* **PROBLEM STATEMENT**: After finding the line with "Techmeme Ride Home", restate it and each remaining line of the material word for word, omitting every picture.

[[ COLLECTED MATERIAL open ]]

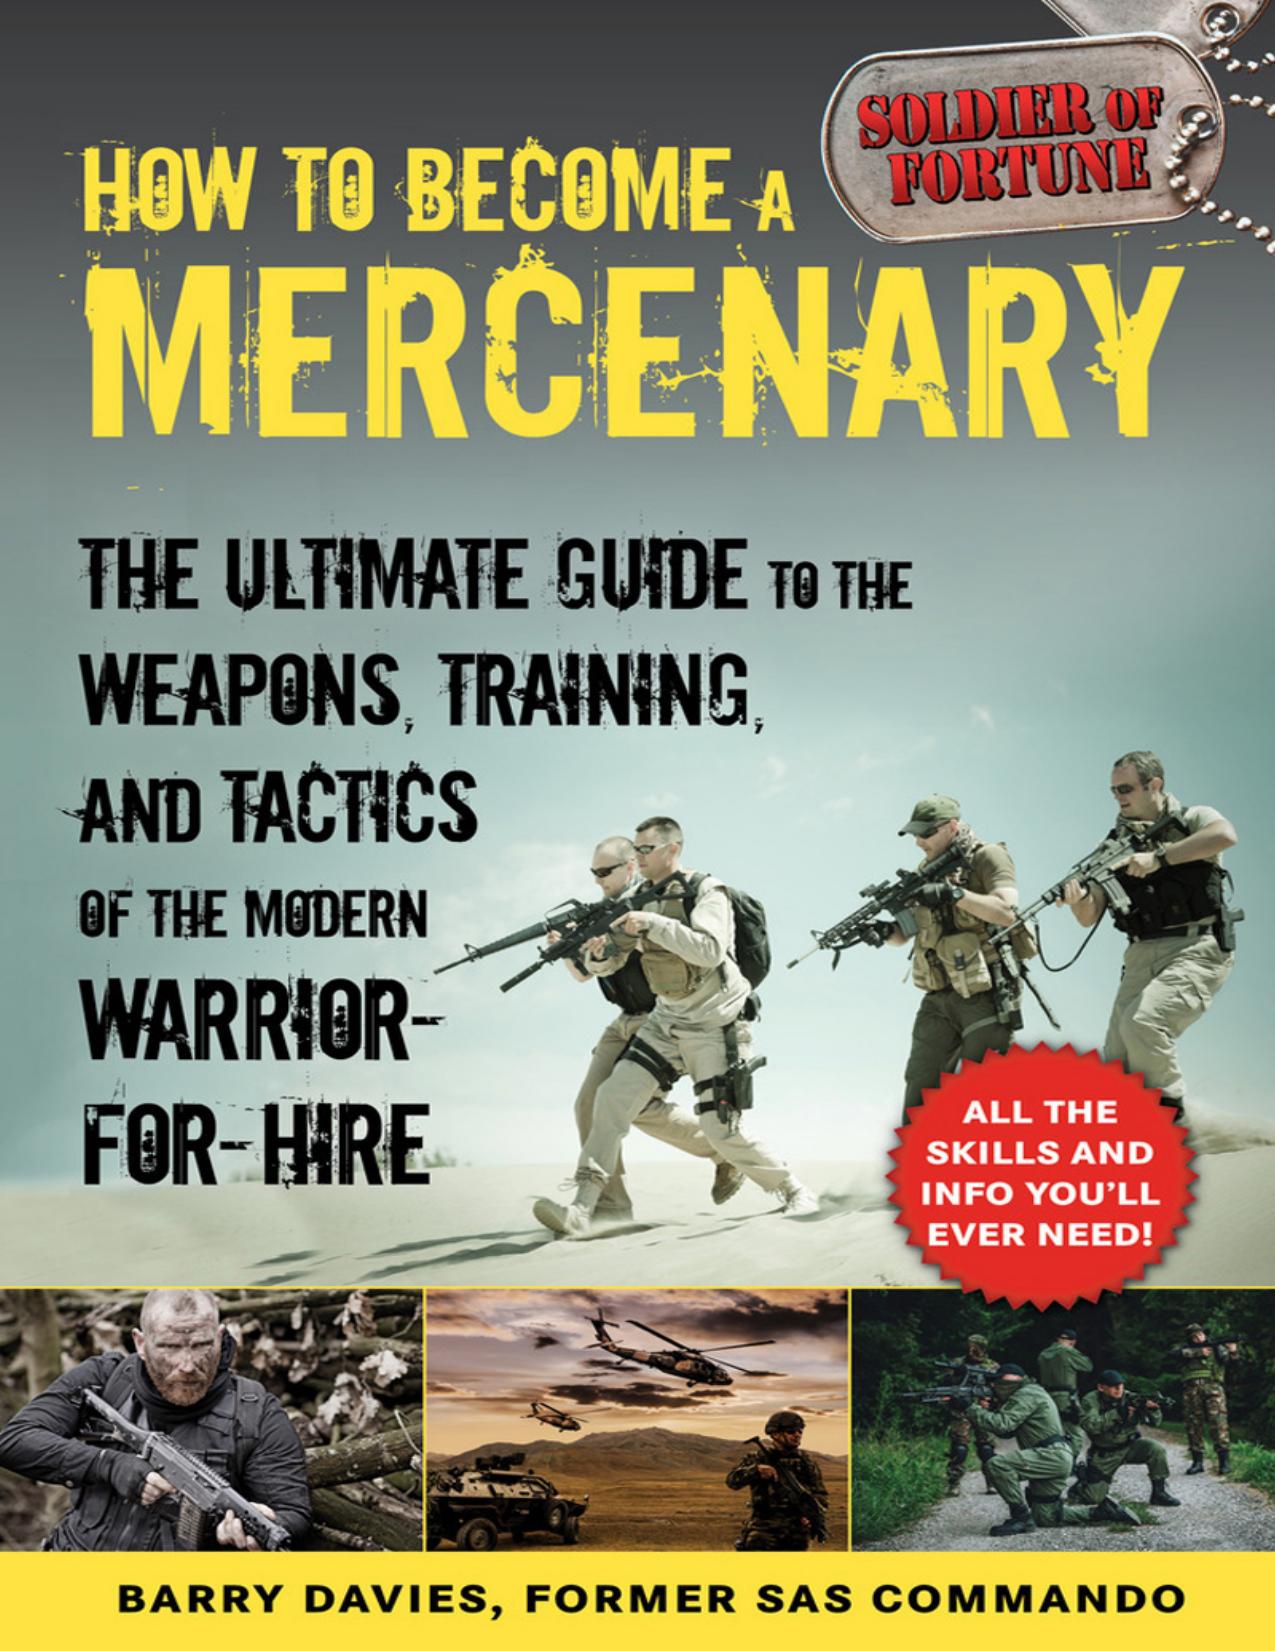 How to Become a Mercenary by Barry Davies
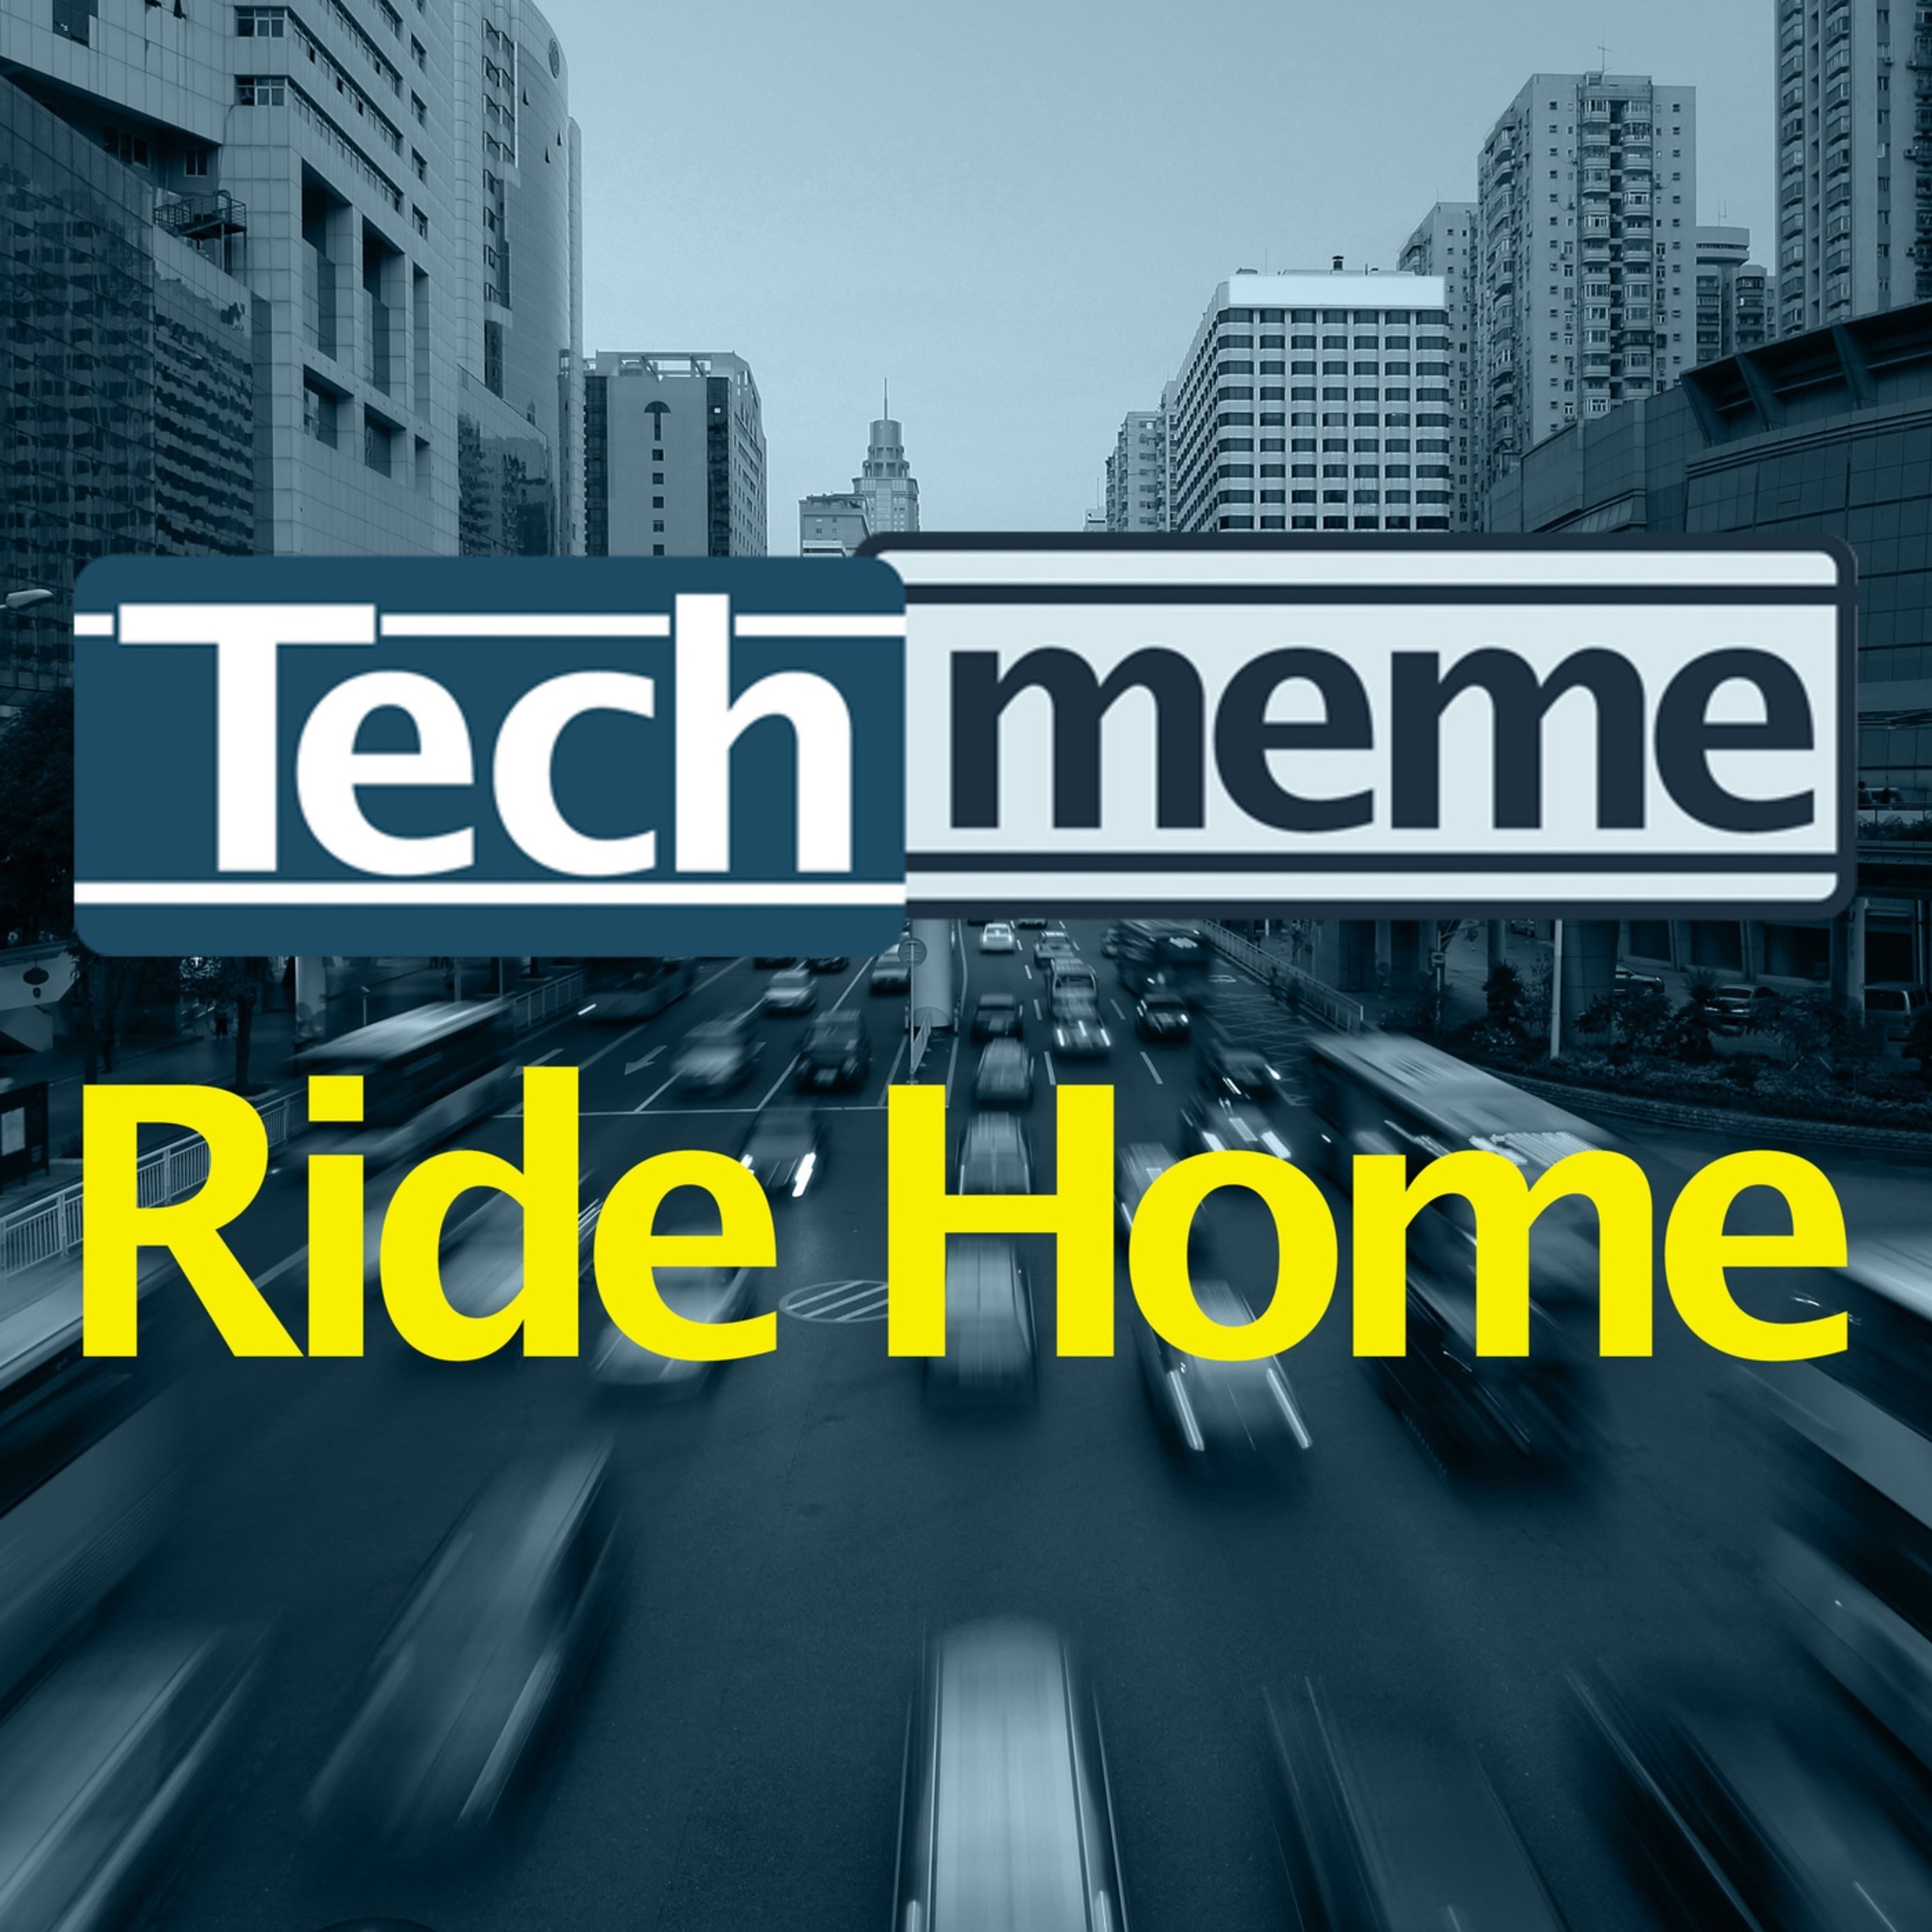 Techmeme Ride Home - a16z’s Future Plans And Audio Spaces With @smc90 and @kyurieff
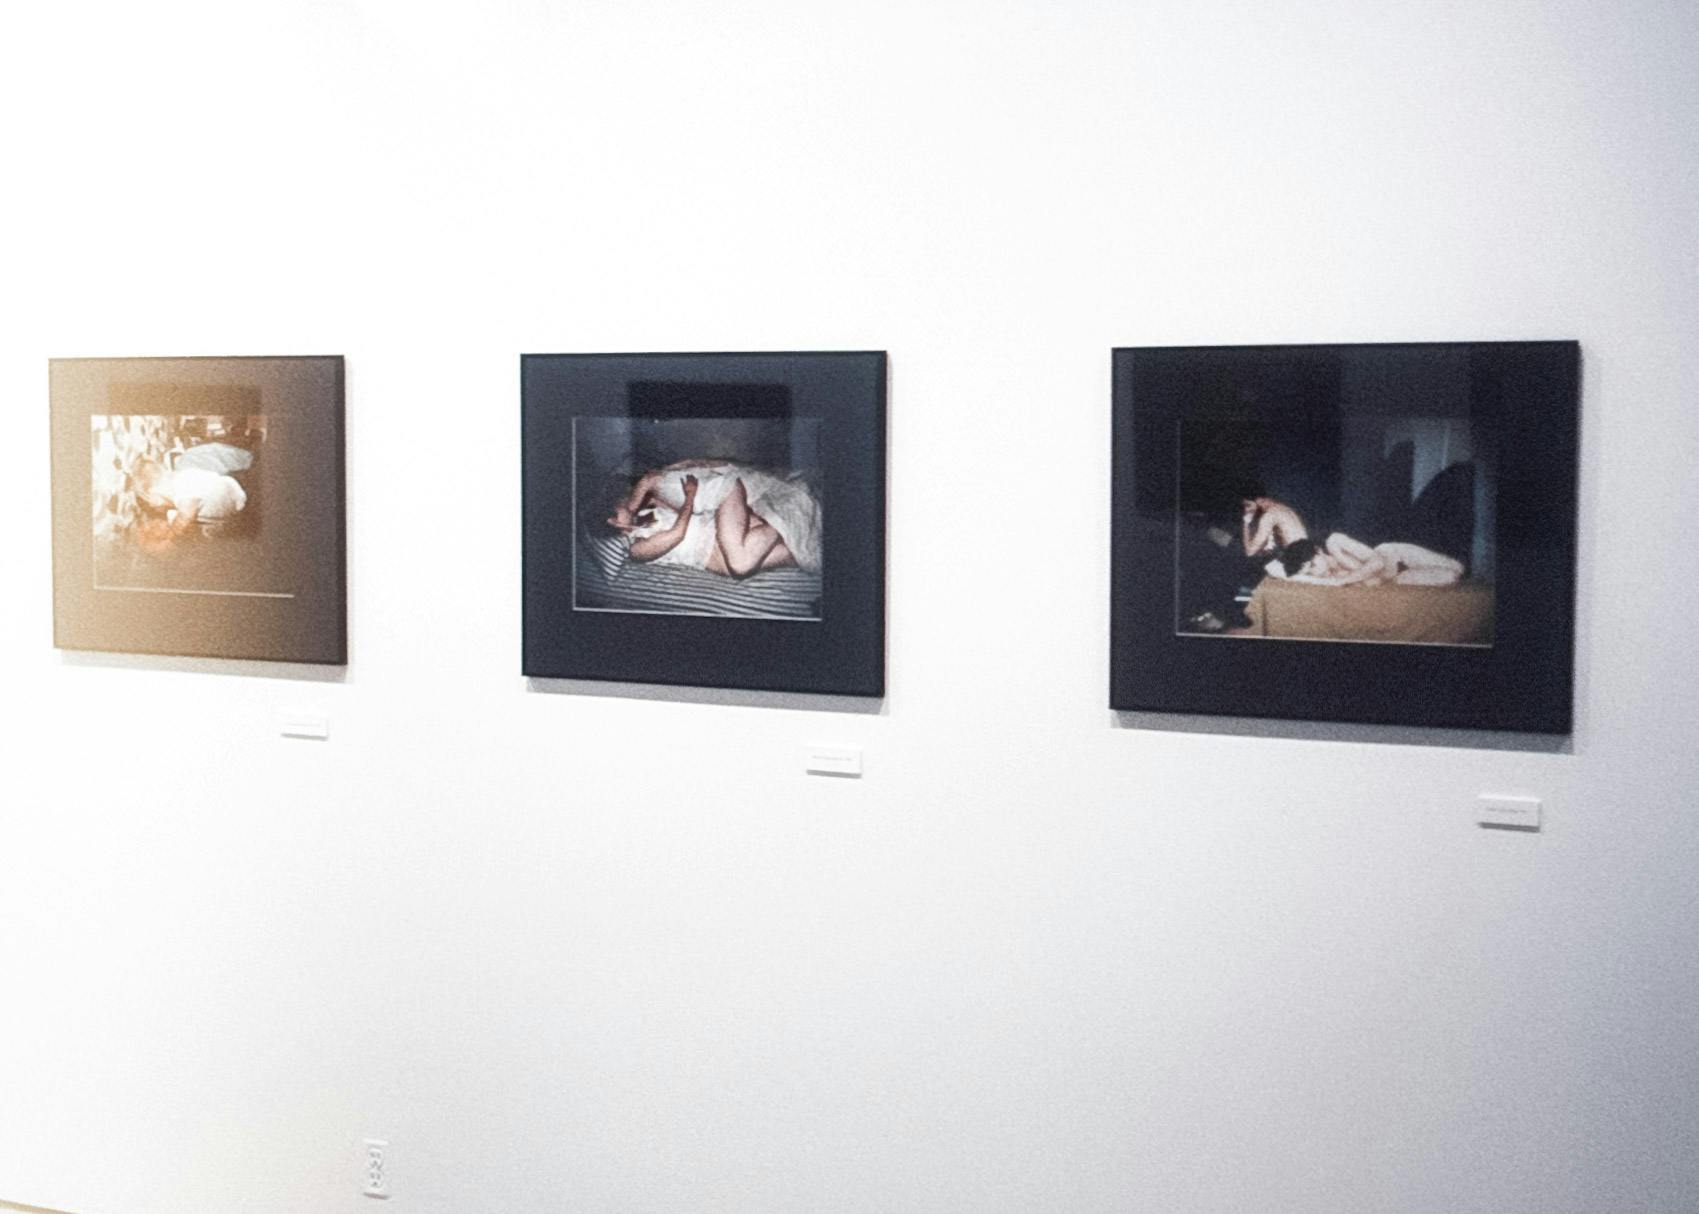 Three framed photo works on a white wall. All photos are of different couples. From left to right, the couples go from dressed to nude they appear to be dancing, having sex, and resting together.

[[ COLLECTED MATERIAL closed ]]

* **COMPLETED TASK**:
 Techmeme Ride Home - a16z’s Future Plans And Audio Spaces With @smc90 and @kyurieff
 Three framed photo works on a white wall. All photos are of different couples. From left to right, the couples go from dressed to nude they appear to be dancing, having sex, and resting together.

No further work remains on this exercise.